Supplied material Start Marker

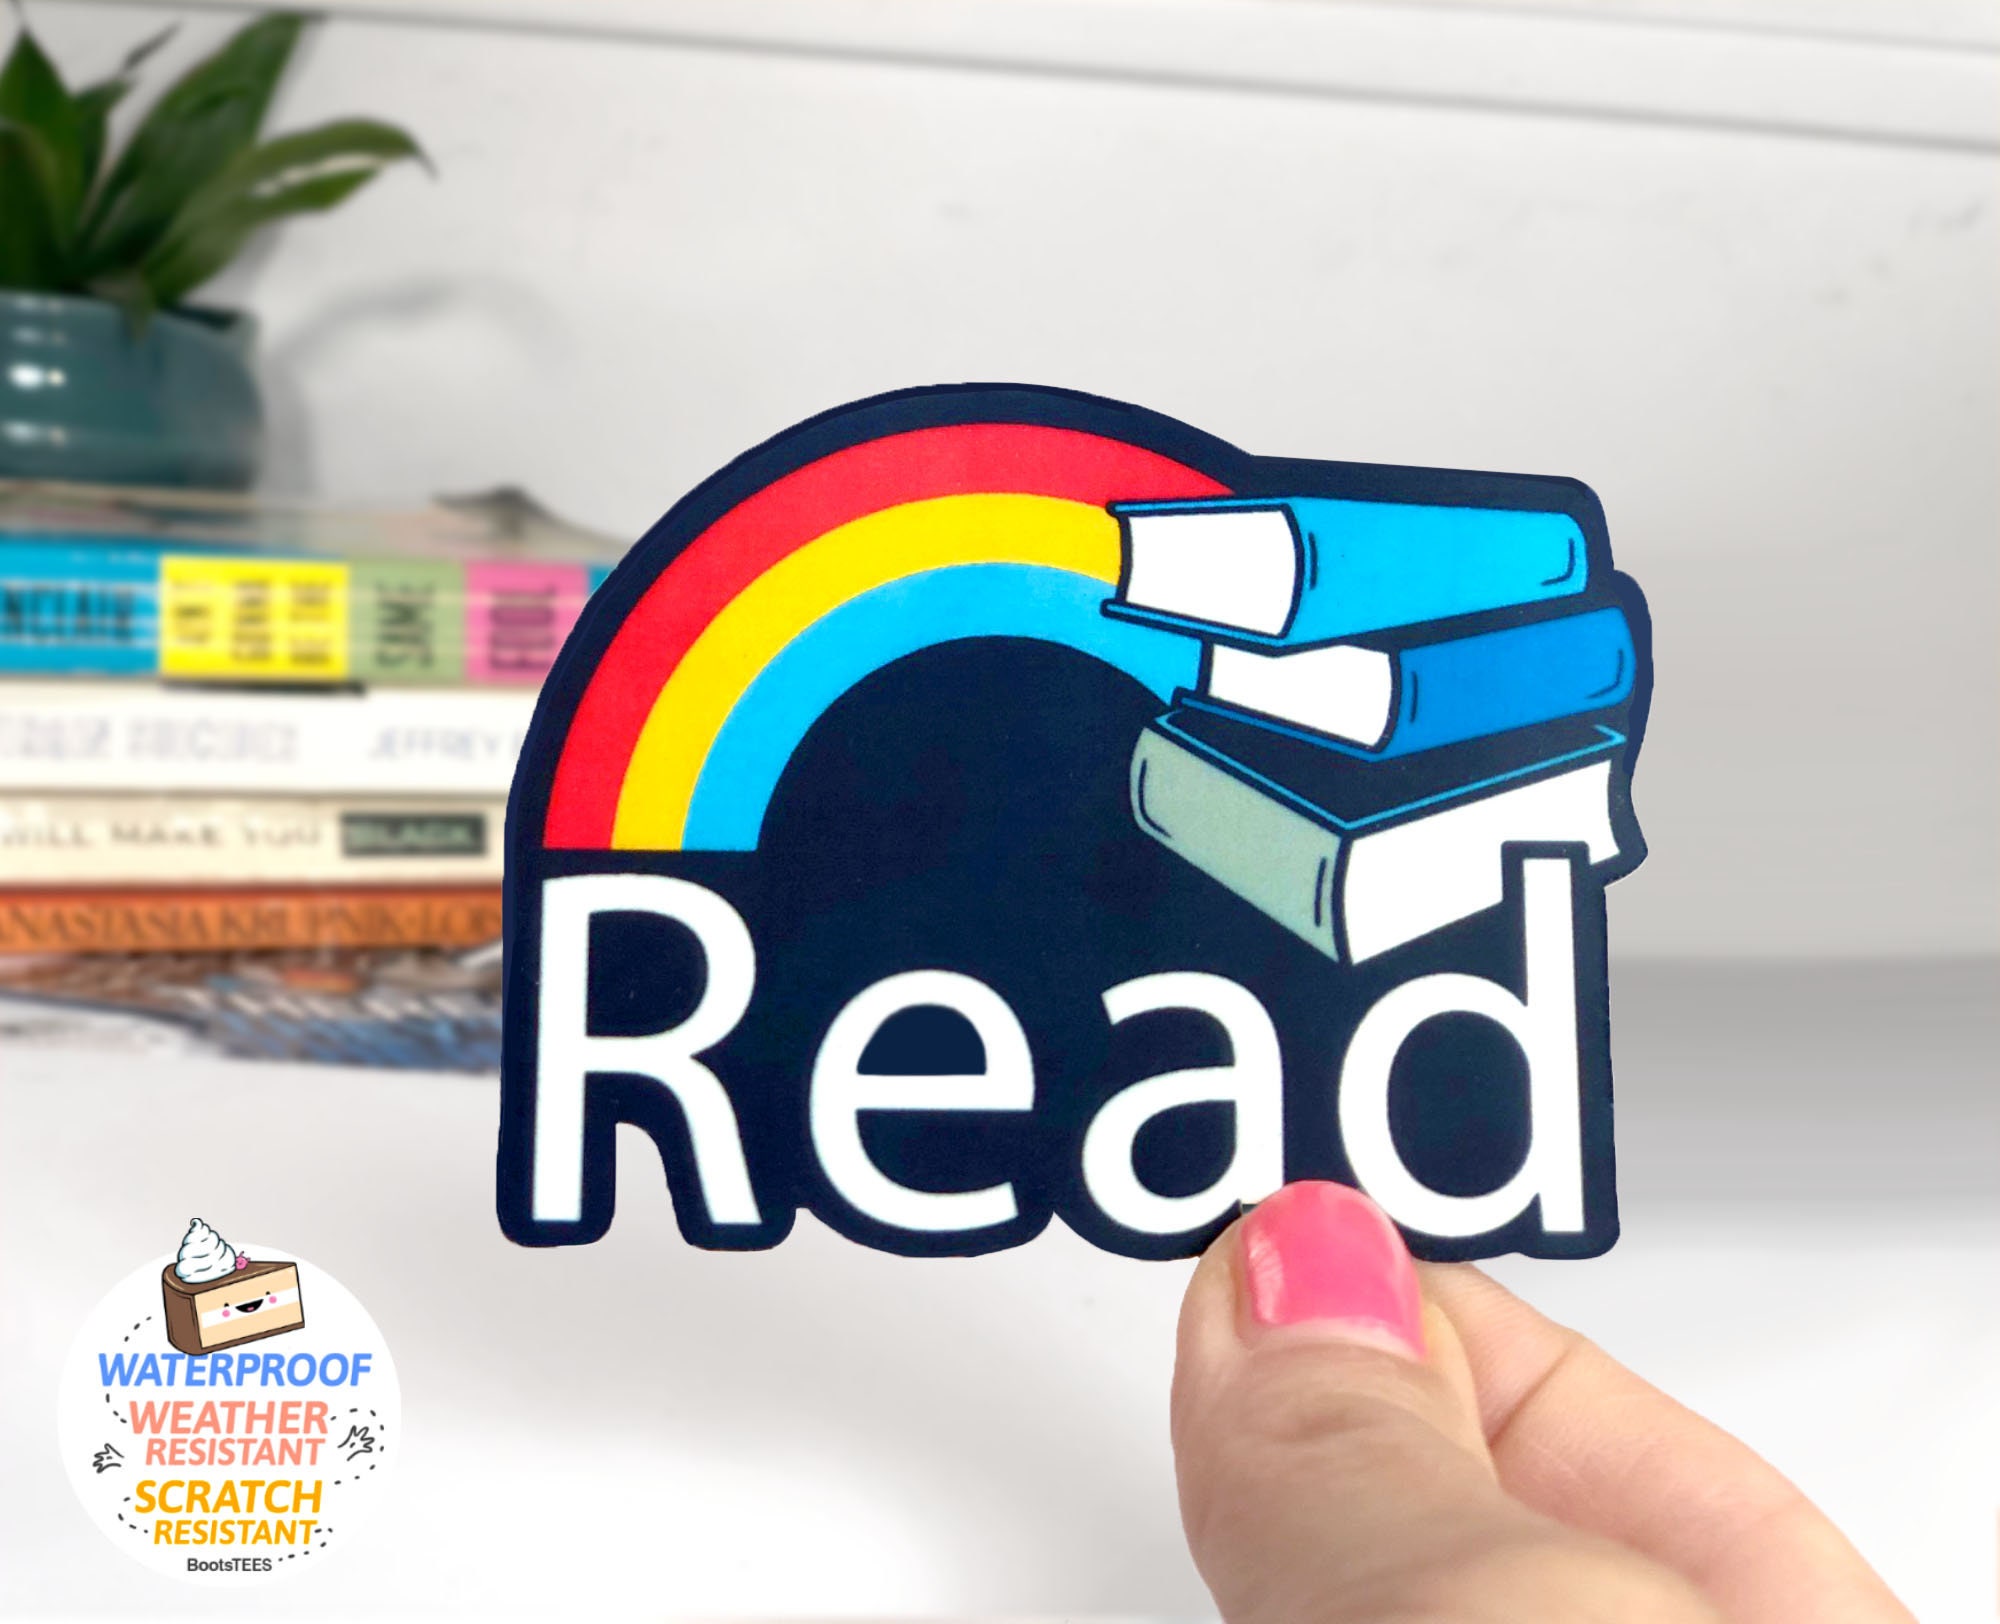 100 Pcs Book Stickers,Reading Stickers,Bookish,Book Stickers for Water  Bottles,Bookish Items Stickers,Library Stickers,Book Accessories for  Reading
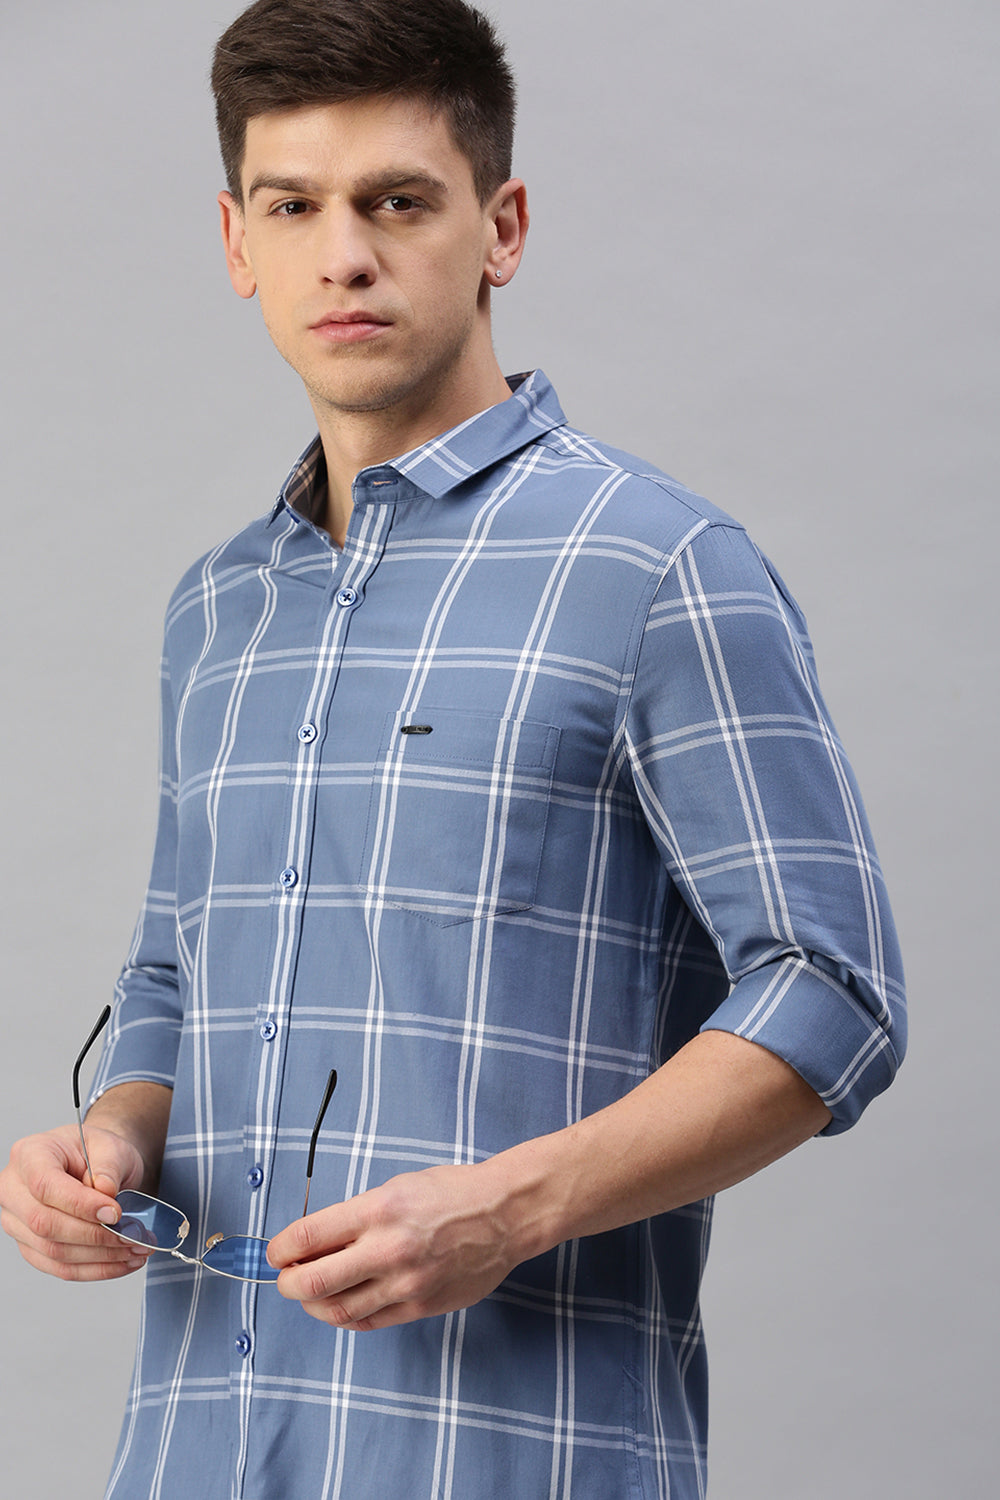 Classic Polo Men's Cotton Full Sleeve Checked Slim Fit Polo Neck Blue Color Woven Shirt | So1-122 A
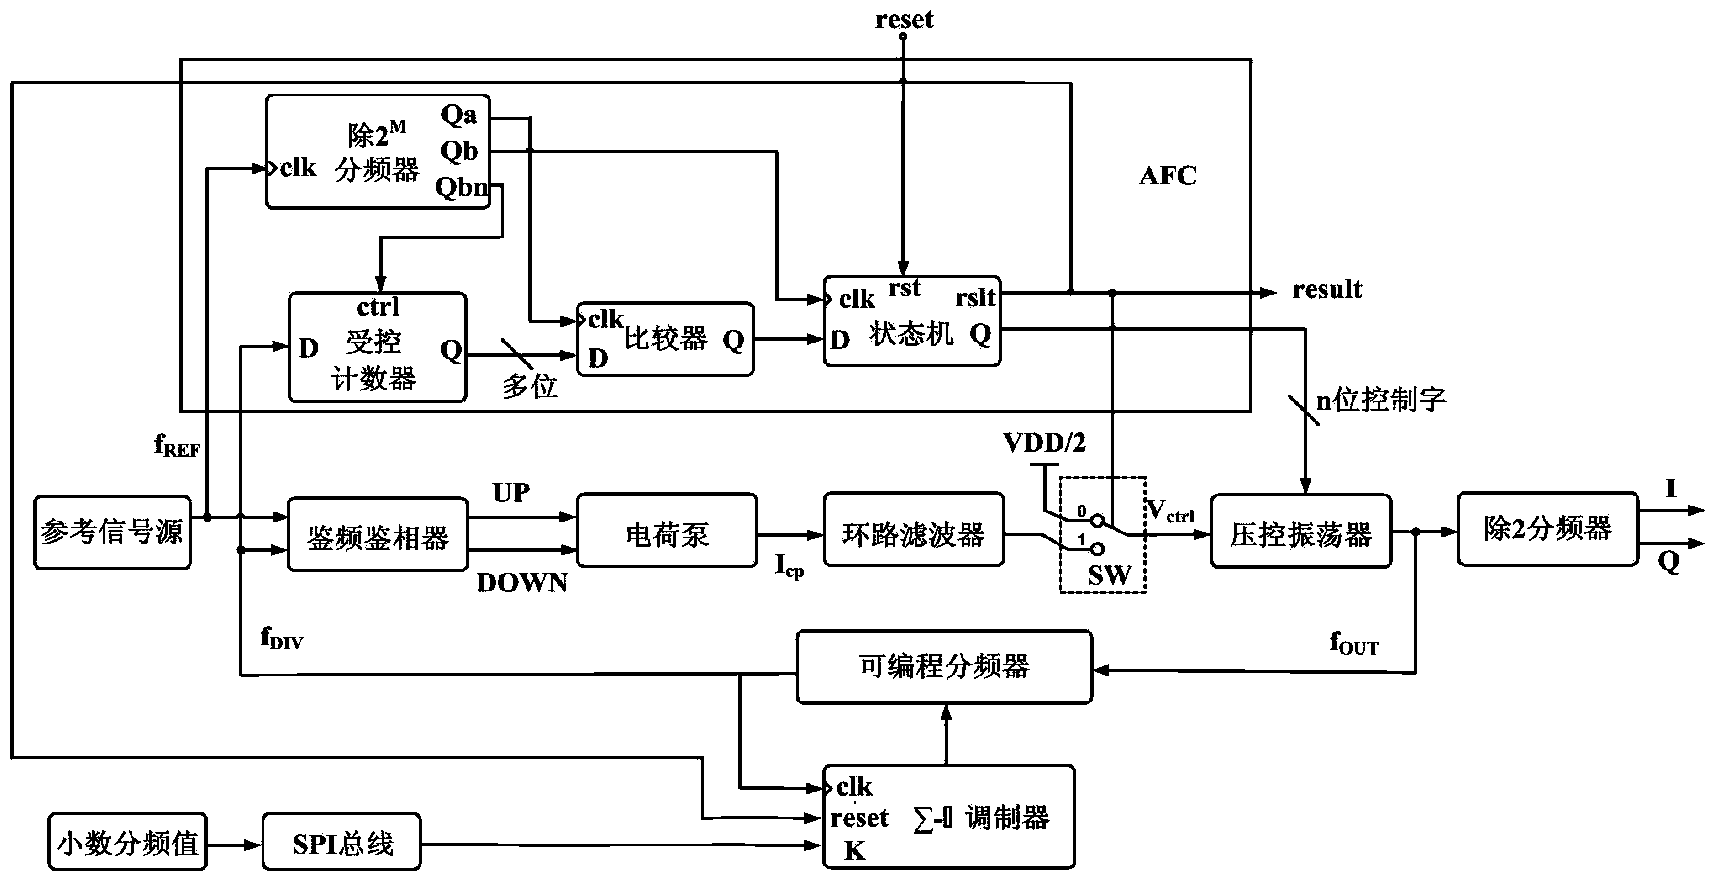 Automatic frequency calibration circuit for sigma-delta fractional frequency synthesizer
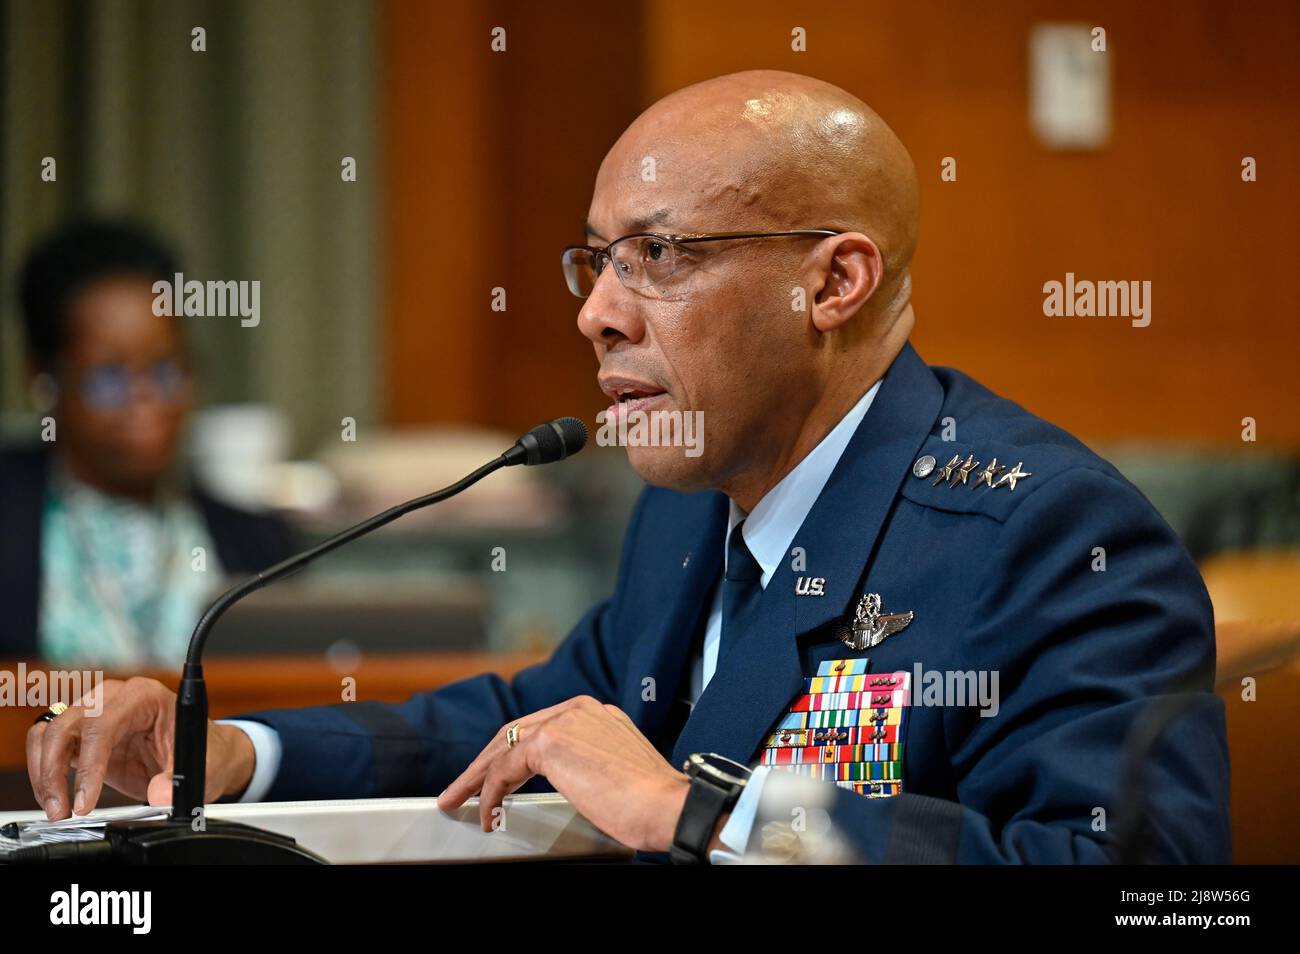 Washington, United States. 17th May, 2022. U.S. Air Force Chief of Staff Gen. CQ Brown, Jr. responds to a question while testifying before the Senate Appropriations Subcommittee on Defense on the fiscal year 2023 budget for the Air Force on Capitol Hill, May 17, 2022 in Washington, DC Credit: Eric Dietrich/U.S. Air Force/Alamy Live News Stock Photo

Supplied material End Marker

What is needed
Pictures aside, the material must be written out word for word.

Solution below
 100 Pcs Book Stickers,Reading Stickers,Bookish,Book Stickers for Water  Bottles,Bookish Items Stickers,Library Stickers,Book Accessories for  Reading
 Classic Polo Men's Cotton Full Sleeve Checked Slim Fit Polo Neck Blue Color Woven Shirt | So1-122 A
 Automatic frequency calibration circuit for sigma-delta fractional frequency synthesizer
 Washington, United States. 17th May, 2022. U.S. Air Force Chief of Staff Gen. CQ Brown, Jr. responds to a question while testifying before the Senate Appropriations Subcommittee on Defense on the fiscal year 2023 budget for the Air Force on Capitol Hill, May 17, 2022 in Washington, DC Credit: Eric Dietrich/U.S. Air Force/Alamy Live News Stock Photo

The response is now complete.